Exercise: Only the lines from the one that includes "Pleated Sleeve Stripe" through the last line below belong in the reply, copied exactly and without pictures.

**** Dataset section ****

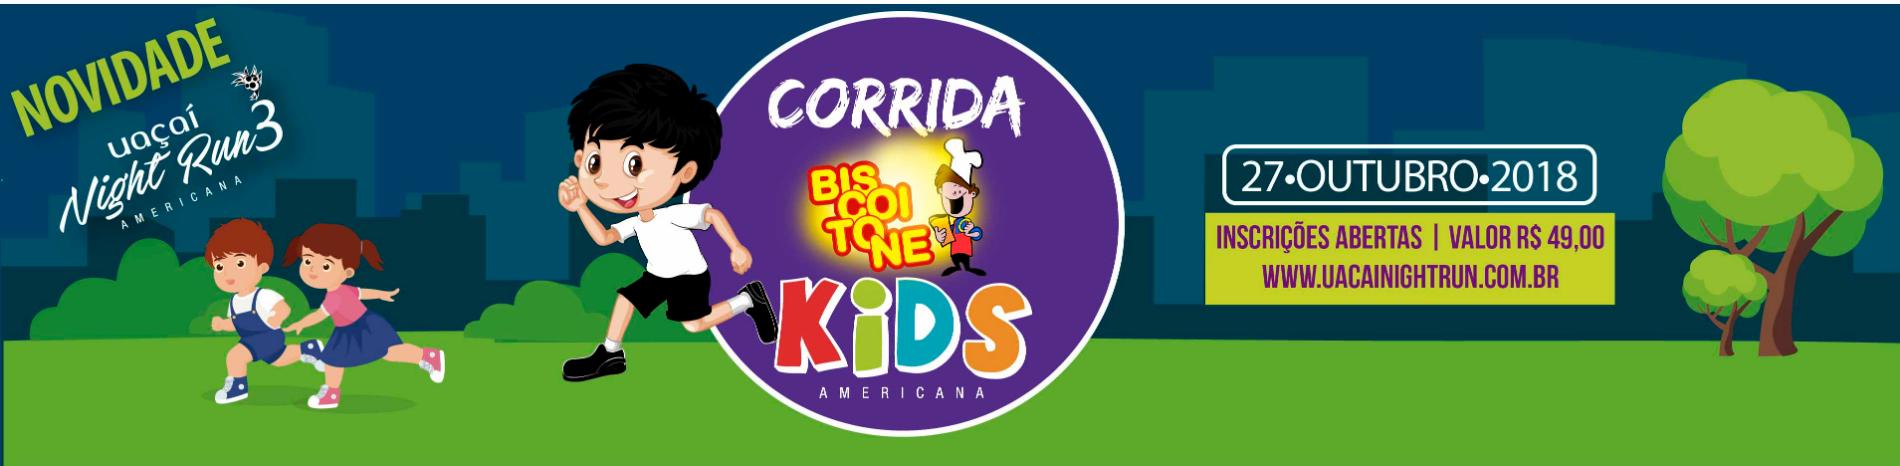 CORRIDA UAÇAÍ KIDS
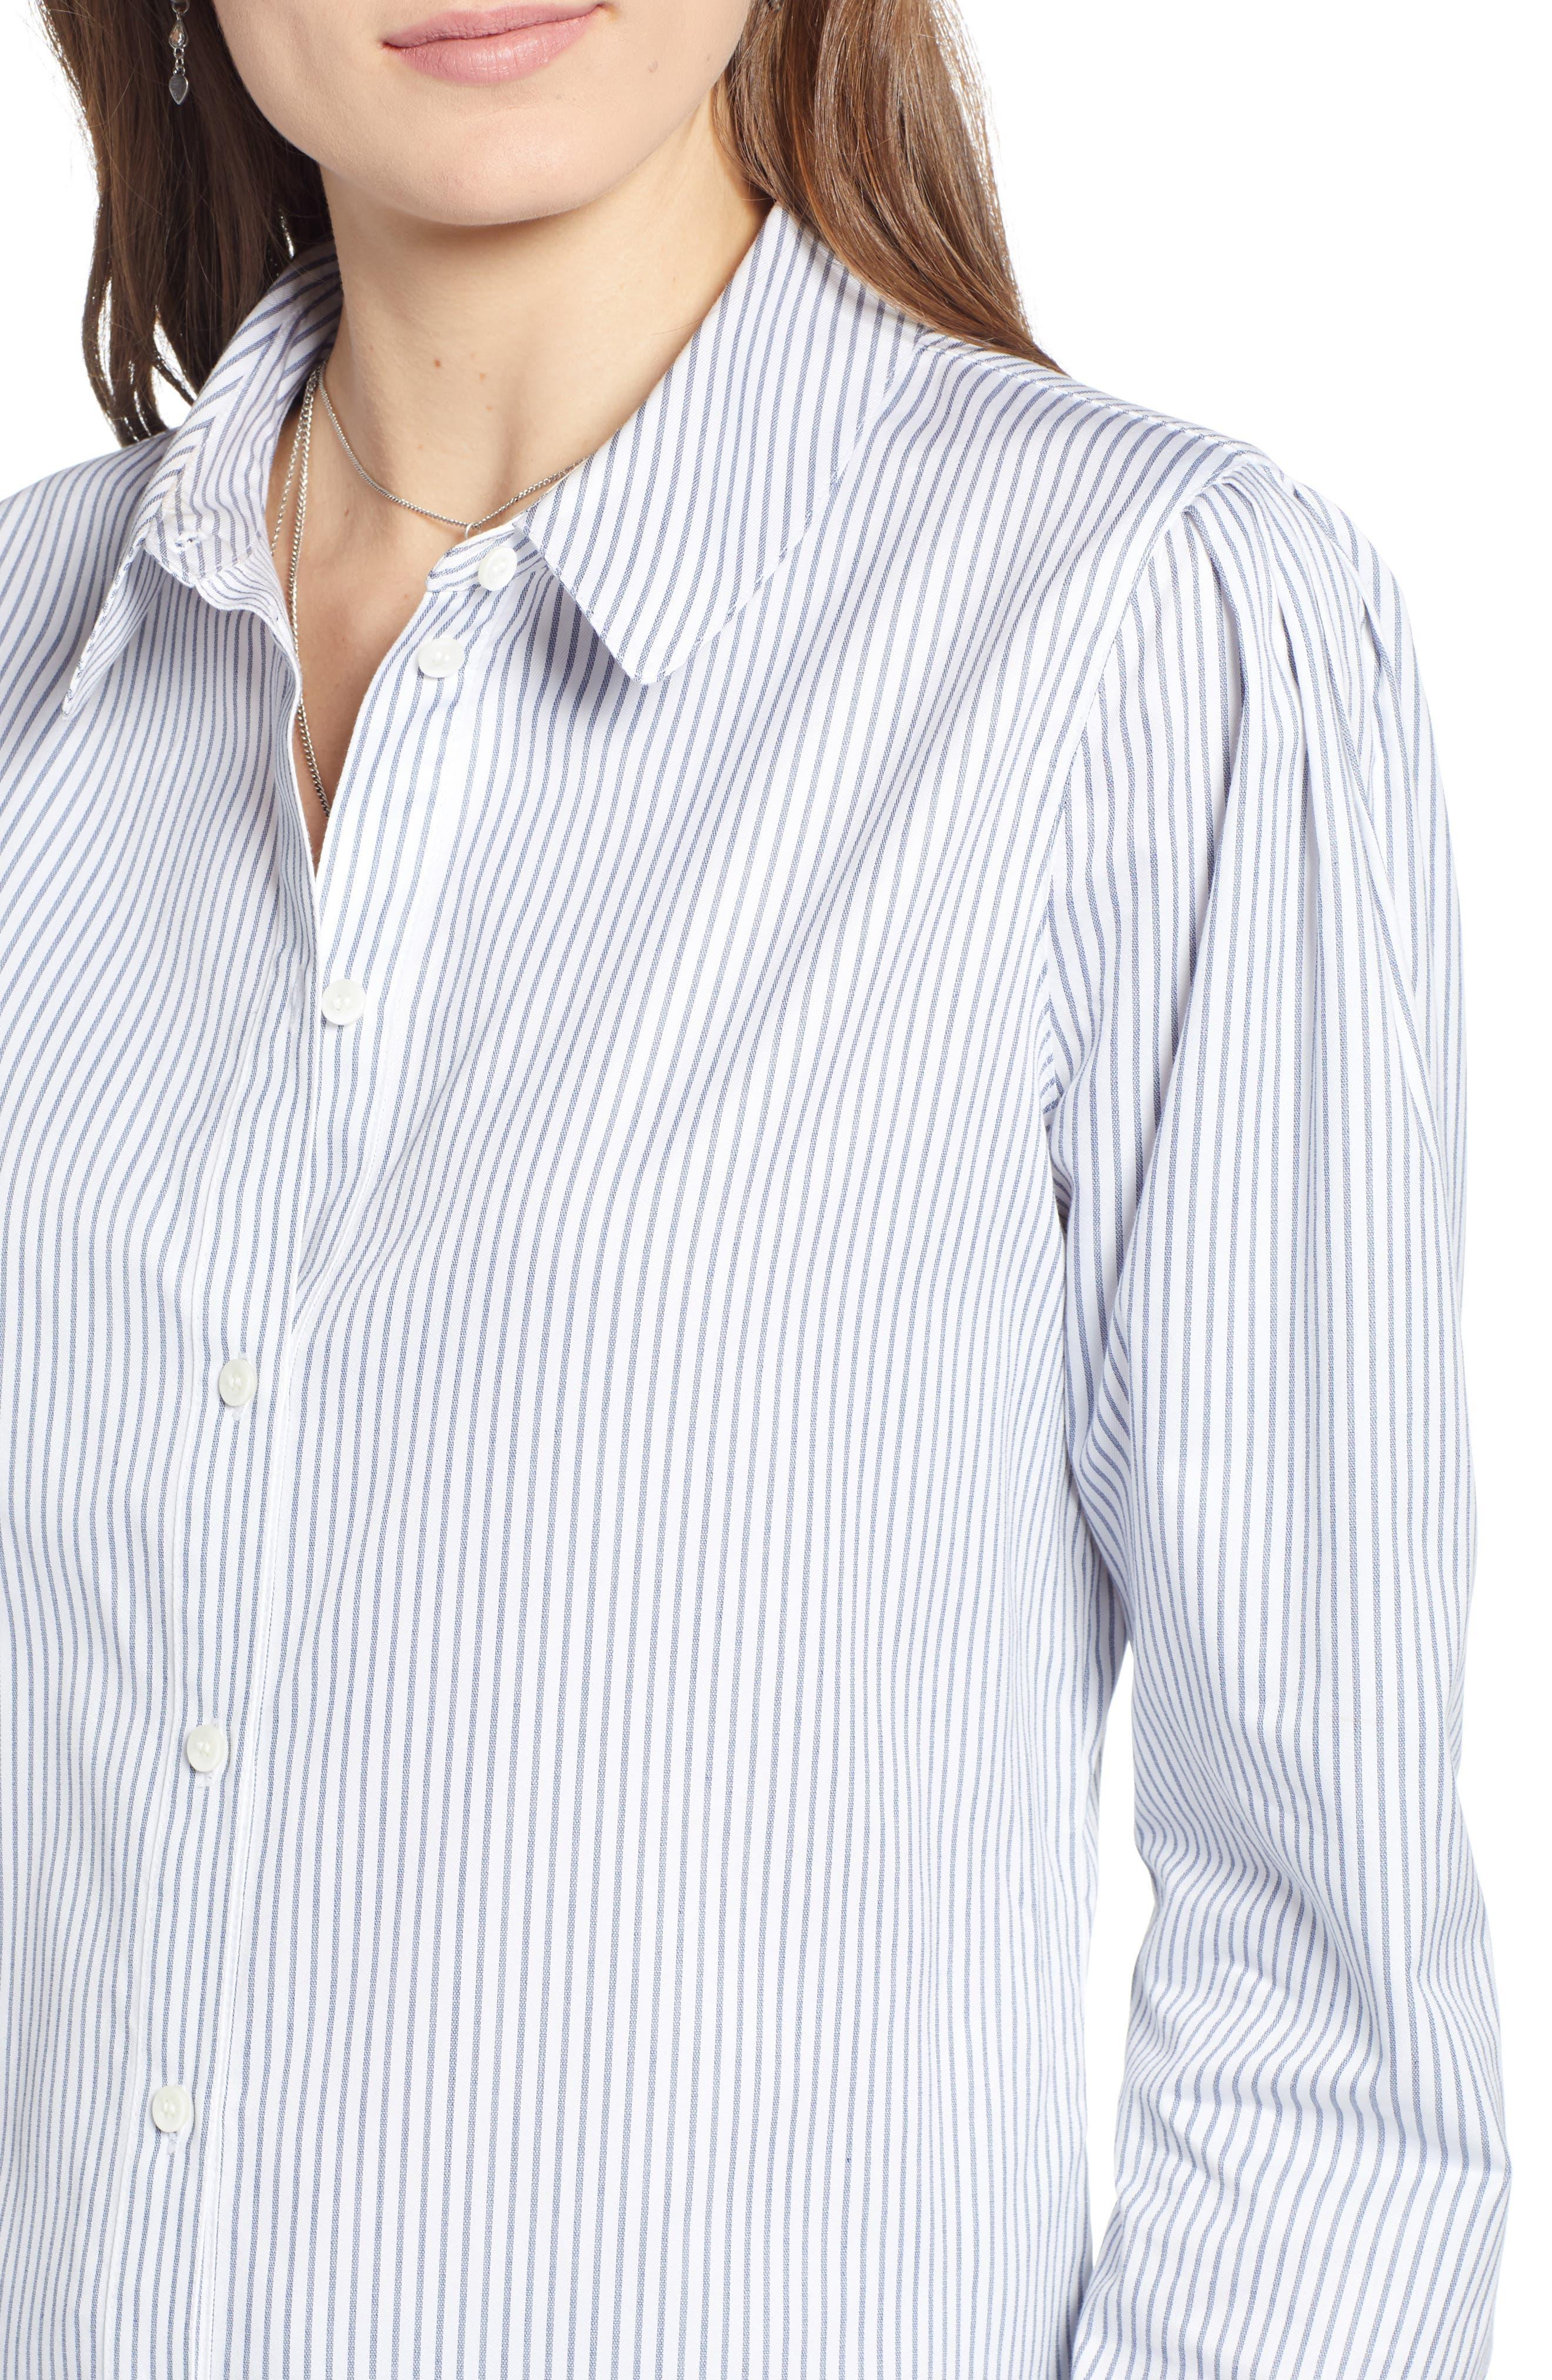 Pleated Sleeve Stripe Shirt,                             Alternate thumbnail 4, color,                             WHITE STOCKHOLM STRIPE
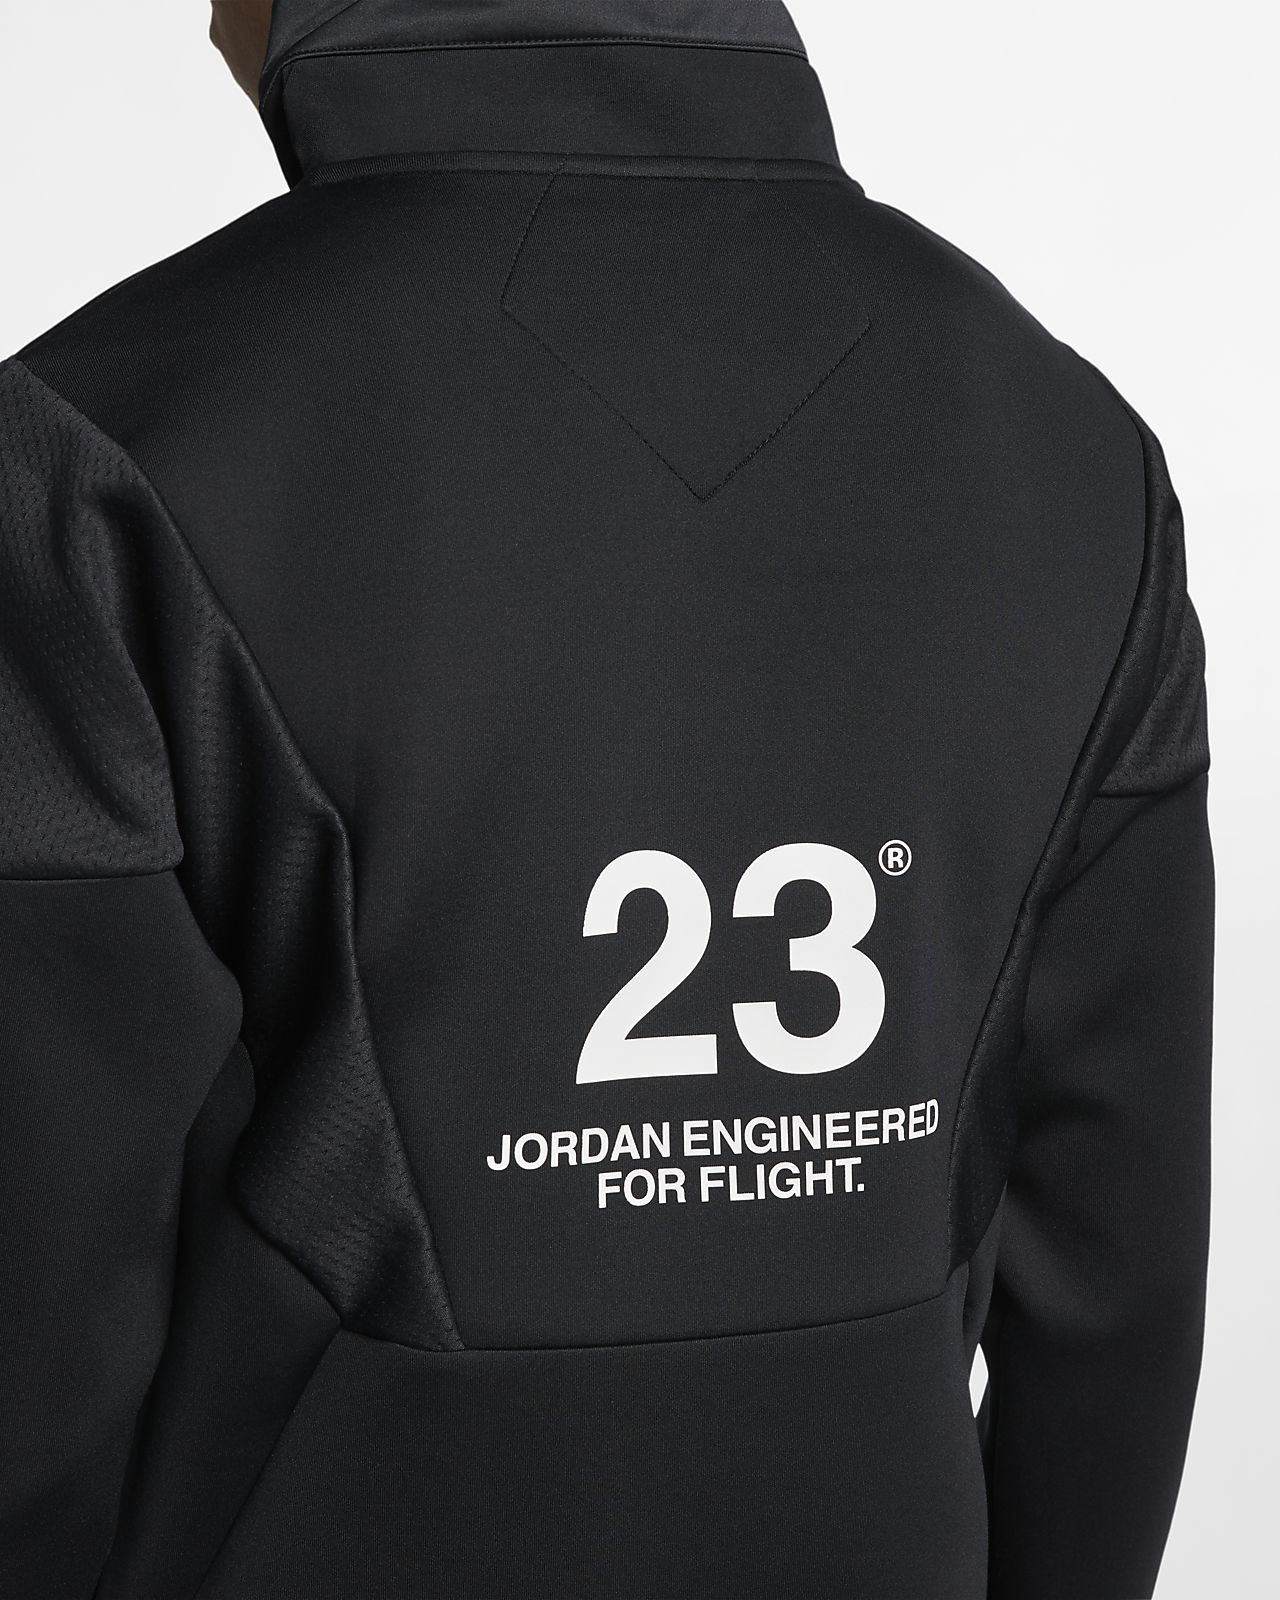 965a4c2cb519 Jordan Flight Tech Lite Men s 1 4-Zip Top. Nike.com GB
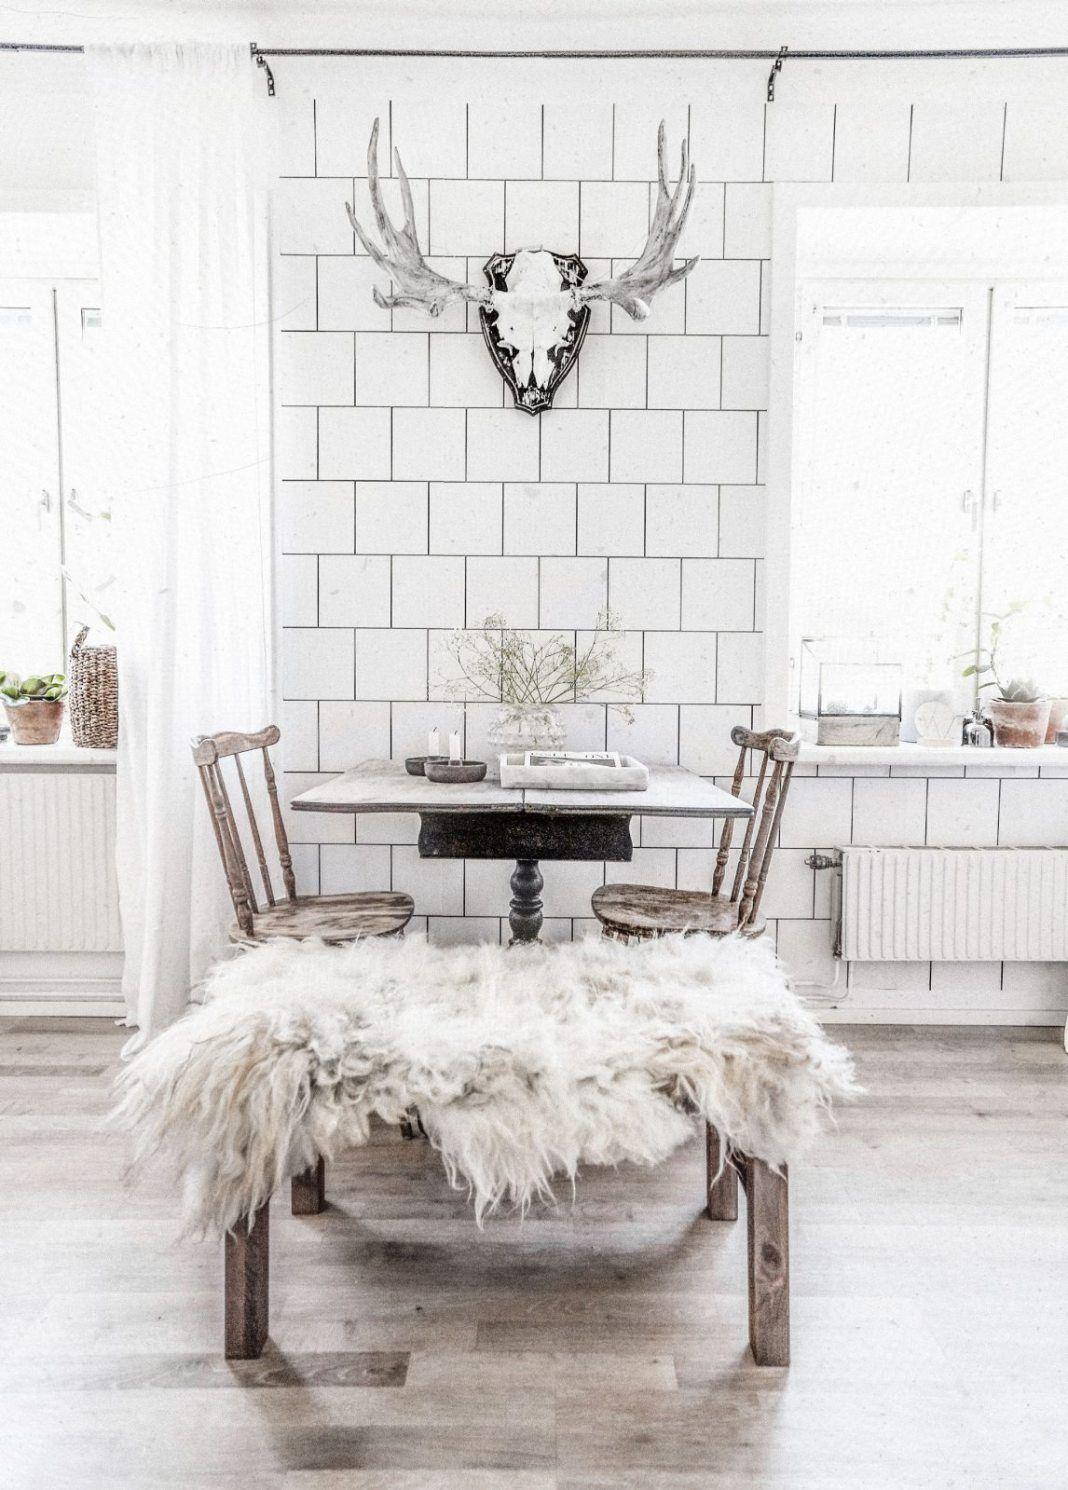 Beau White Tile Wallpaper In Madelene Billmanu0027s Kitchen   We Love The Look!  #scandinaviankitchen #kitcheninspo #wallpaper #wallmural #tiles #whitetiles  #kakel ...

****

Response to this task:
 Pleated Sleeve Stripe Shirt,                             Alternate thumbnail 4, color,                             WHITE STOCKHOLM STRIPE
 965a4c2cb519 Jordan Flight Tech Lite Men s 1 4-Zip Top. Nike.com GB
 Beau White Tile Wallpaper In Madelene Billmanu0027s Kitchen   We Love The Look!  #scandinaviankitchen #kitcheninspo #wallpaper #wallmural #tiles #whitetiles  #kakel ...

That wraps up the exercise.